Sanggupkah saya? Doakan saya ya!


2 komentar:

  1. Assalamualaikum kak Andis yang baik hati.

    Saya punya banyak kenalan ibu rumah tangga yang sudah selesai menyetorkan 30 Juz Al-Qur'an dan sedang memutqinkan hafalannya. Jika Kak Andis bergabung dengan komunitas-komunitas penghafal Al-Qur'an, insyaaAllah di sana kak Andis akan menemukan banyak sekali hafizhoh dari berbagai usia.

    Pernah pada suatu acara Qur'an, saya makan satu meja dengan para ibu penghafal Al-Qur'an, satu diantara mereka bercerita bahwa ia menghafal di waktu-waktu anak-anaknya sudah berangkat ke sekolah, suaminya sudah berangkat bekerja, pekerjaan rumah telah diselesaikan. mereka menyempatkan waktu-waktu senggang itu untuk menghafal hingga bisa menyelesaikan 30 Juz.

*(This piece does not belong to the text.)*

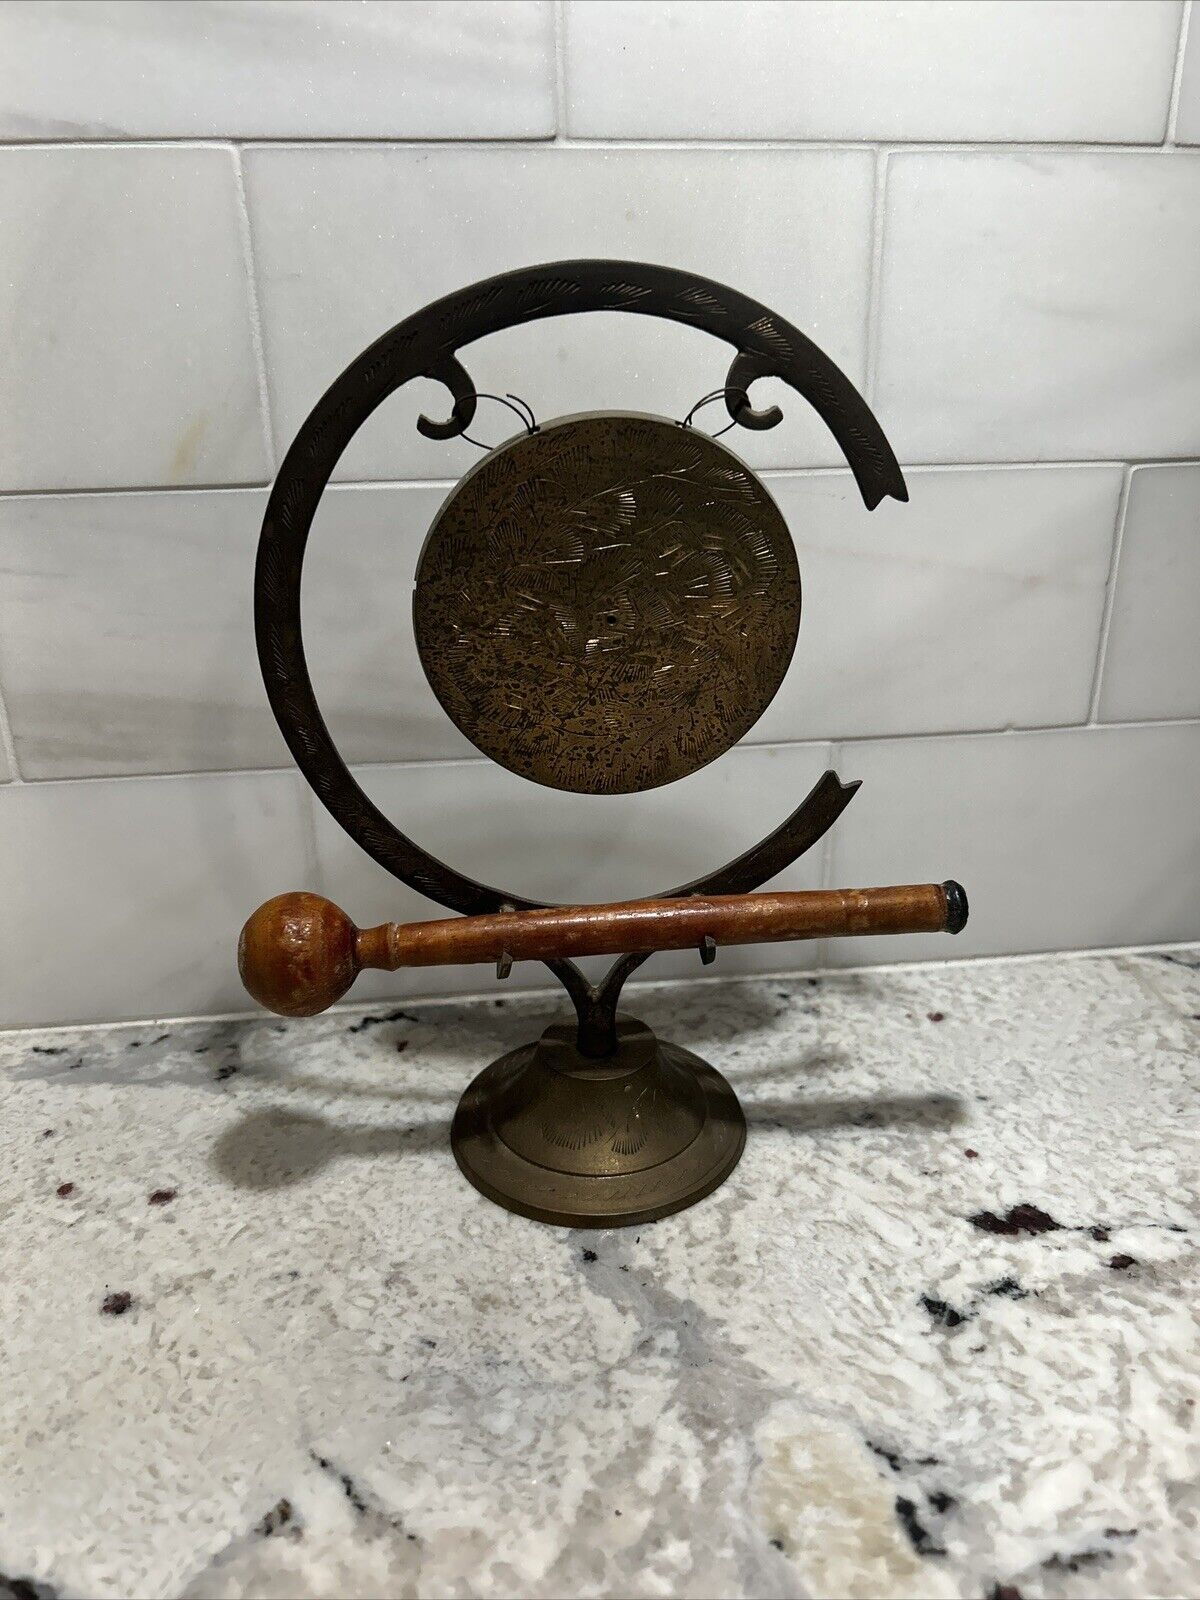 Vintage Brass Metal Handmade Decorative Etched Gong w/Wooden Mallet - India

    cerita dari para penghafal lain adalah saat saya bertemu seorang mahasiswi yang kuliah di daerah terpenci sehingga tidak ada seseorang yang bisa menerima setorannya, oleh karena itu setiap minggu sekali ia perlu menempuh jarak yang jauh hanya untuk menyetorkan hafalannya. saat itu saya merasa malu dengan banyaknya tempat di dekat saya yang bisa saya tempati untuk menyetorkan hafalan:")

    cerita terakhir, saya pernah beberapa bulan tinggal dengan seorang anak SD yang telah hafizhoh, hafalannya sangat lancar dan itu membuat saya malu dengan hafalanya saya sendiri.

    belum terlambat untuk menghafal, yang terpenting adalah kita mulai saja dulu! Yuk menghafal Qur'an! Semoga kak Andis bukan hanya diberikan kemudahan dalam menghafalnya, tetapi juga dalam mengkaji dan mengamalkannya. Aamiin :)

    BalasHapus
    Balasan
    1. Wa alaikum salam Nina yang juga baik hatinya.

      Terima kasih cerita-ceritanya. Saya juga jadi malu membacanya. Nina sudah hafal berapa juz?

      Semoga Allah mudahkan menghafal, mengkaji, dan mengamalkannya ya. Aamiin ya Rabb.